Data Domain's newest DD580 de-duplication product can process data faster than the latest LTO4 tape drive's 120MB/s raw transfer speed. It shrinks the space needed for files by factors of ten or twenty or even more. The DD580, with its dual core Intel Woodcrest CPU, doubles the speed of the previous DD560 system which used Xeon processing.

De-duplication involves looking for repeated bit patterns at the sub-file level and replacing them with pointers to the original bit pattern. With highly redundant data, such as backup files, this can shrink them to a tenth or twentieth of their original size. This makes disk-to-disk backup more useful as a greater amount of backup data can be held on fast disk arrays instead of slow tape cartridges.

Howeve, de-duping needs a lot of processing power and is often carried out after the raw data has been copied to a disk storage device, typically a virtual tape library (VTL). Such post-processing de-dupe lets backup proceed at disk speed rather than slower tape speed, around 200MB/s or more.

By using specialised rather than commodity software and through the Woodcrest CPUs, the DD580 can de-dupe data inline at 180MB/sec onto its serial ATA drives, not as fast as VTL post-processing de-dupe products from Sepaton and Quantum/ADIC. It is slower than a streaming LTO4 tape drive backing up compressed data at around 240MB/sec.

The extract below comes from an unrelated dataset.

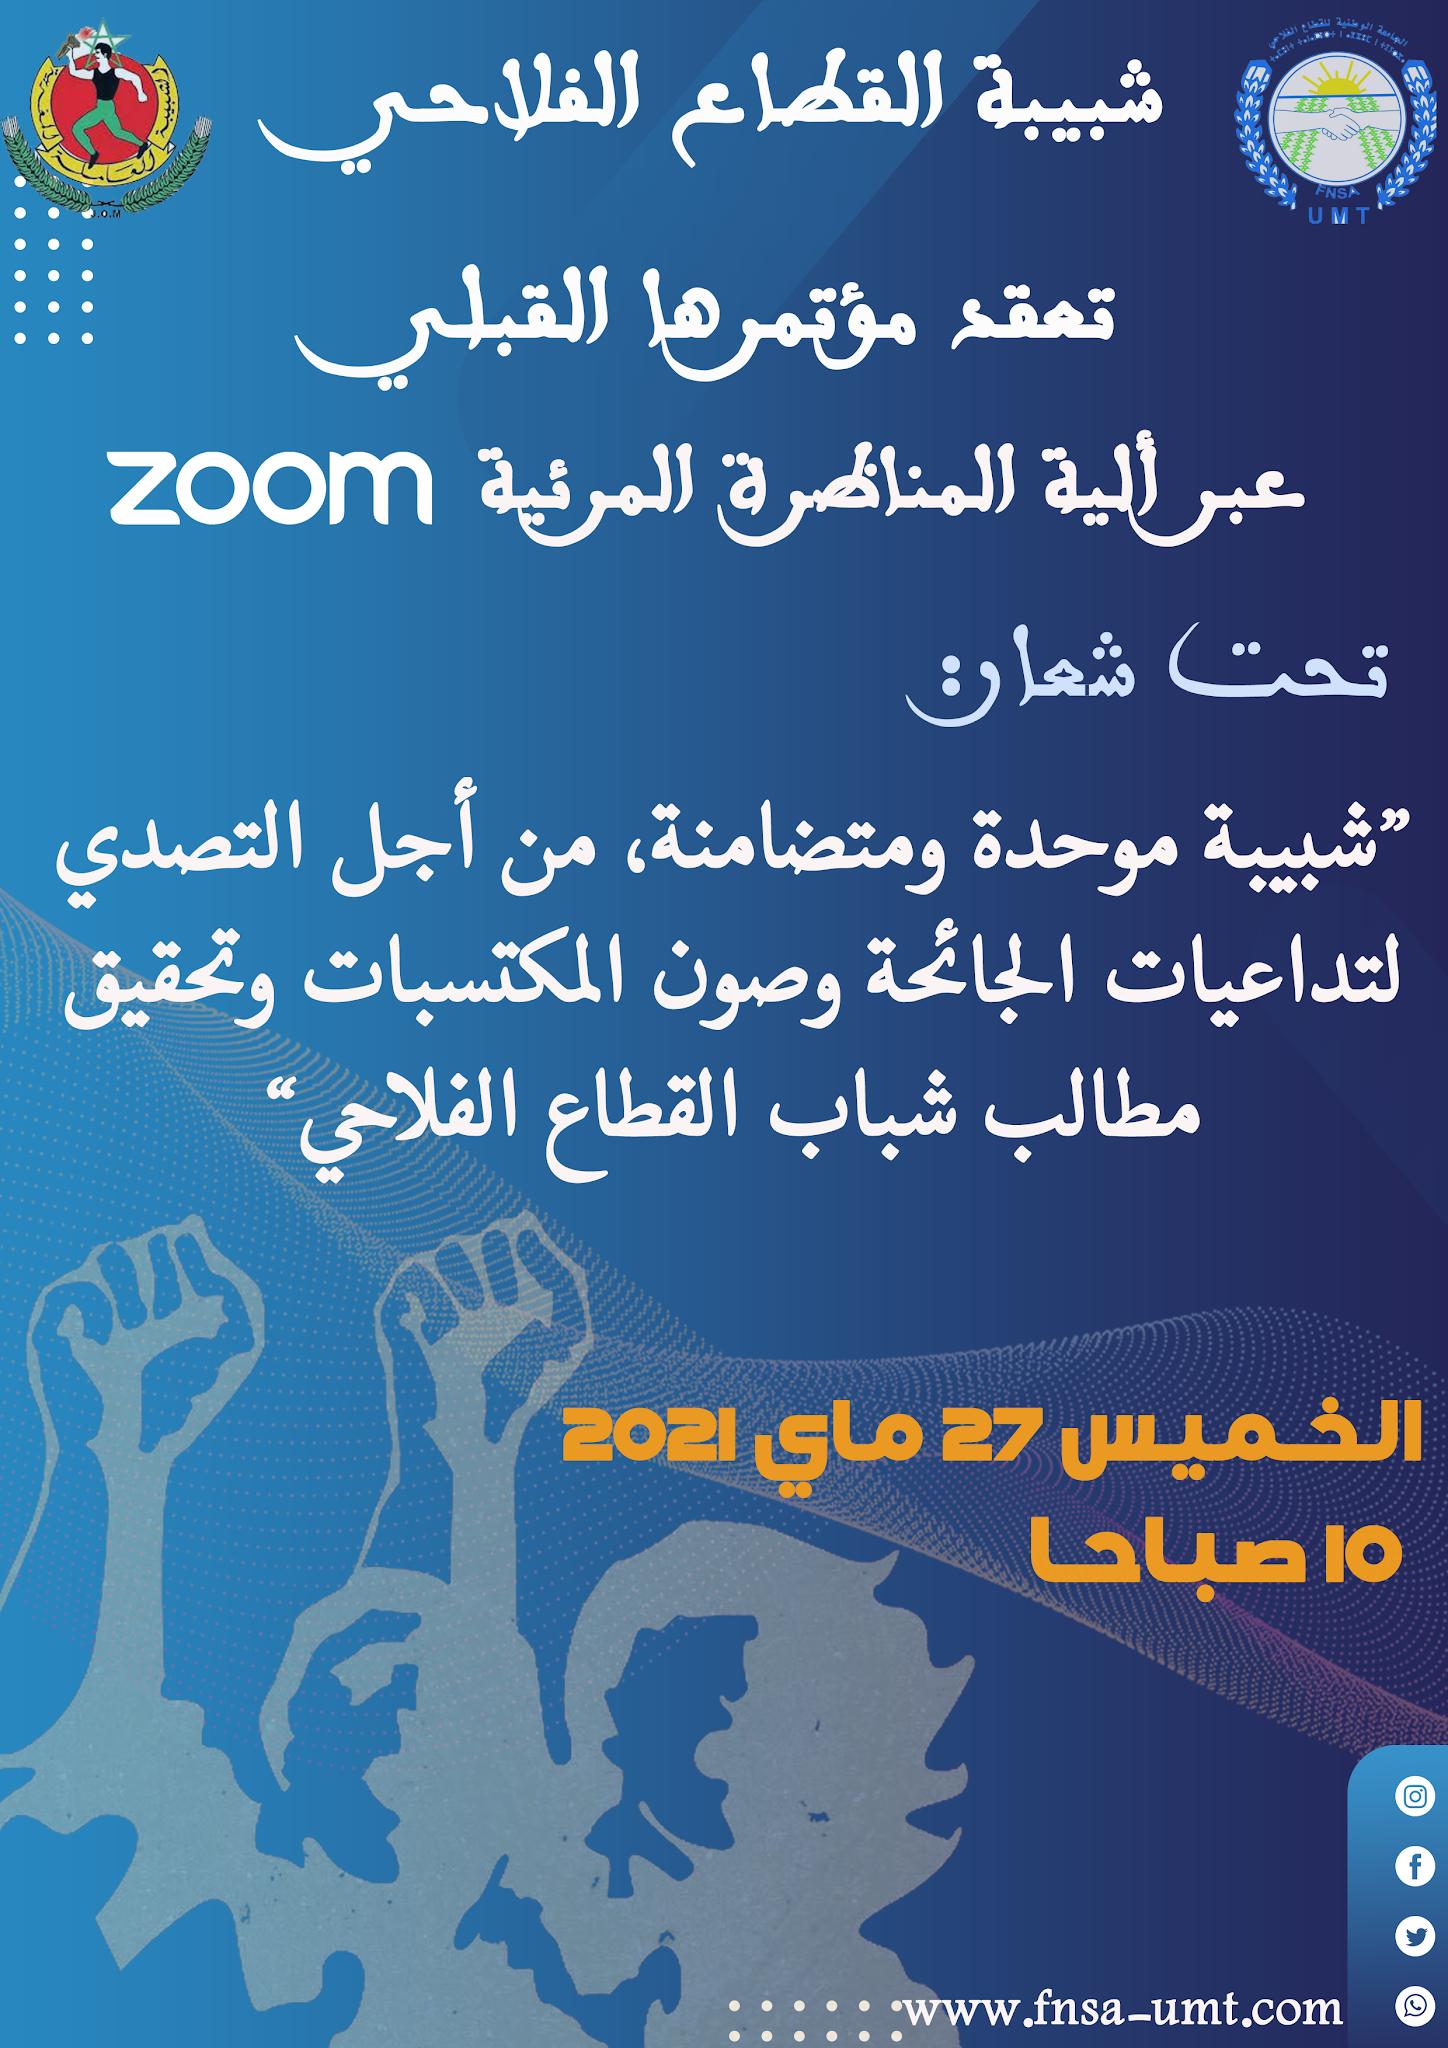 ملصق المؤتمر القبلي لشبيبة القطاع الفلاحي
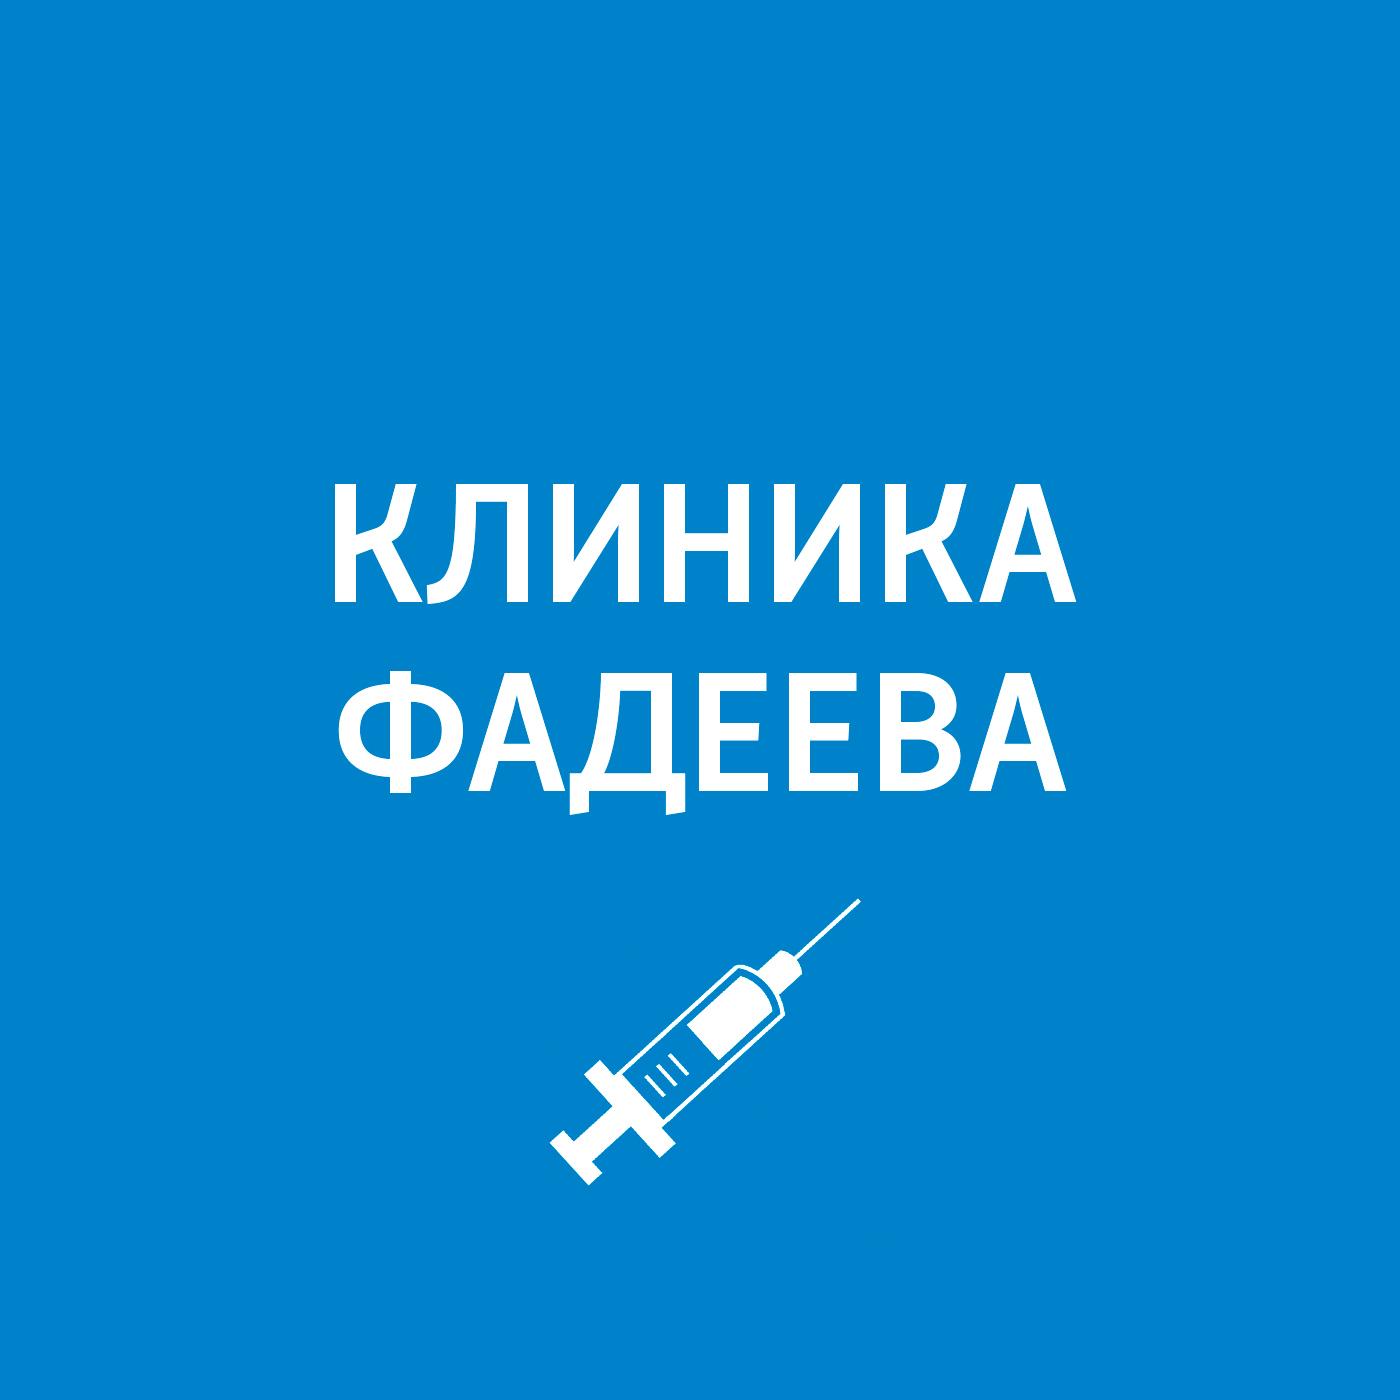 Пётр Фадеев Летняя простуда пётр фадеев кинезиолог остеопат

But the DD580 is faster than other inline de-dupe products such as ones from Diligent and Quantum, EMC/Avamar and Symantec's PureDisk. Data Domain's MD for EMEA sales, Kevin Platz, said: "These systems are not designed for performance, volume and scalability; some of these products function well but overall they only work with smaller data loads, i.e. up to approximately 250GB of backup data. Also, they are used in lieu of standard backup software and require considerable migration to get their data under the management of the customer's existing backup software."

The DD580 works readily with existing backup infrastructures and has in-built replication. It can send de-duped data immediately to a remote site, enabling recovery with up to date information, not possible with a post-processing de-dupe product. As it is sending a reduced amount of data to the remote site, there is a saving of WAN bandwidth and/or time as well. (See earlier customer story here.)

Fully configured with 16 DD580 controllers, a DDX array can achieve more than 12TB/hour throughput and up to 20PB capacity. It is also available as a DD580g gateway with back-end Fibre Channel or SATA drives. The DD580 will be generally available by August and costs from $120,000 (£80,000 in the UK) for a 15-drive basic appliance. Working out whether a DD580 is better value than either a post-processing de-dupe product or a tape library will require putting a value on its replication features, also its cost of ownership, compared to either of the two alternatives.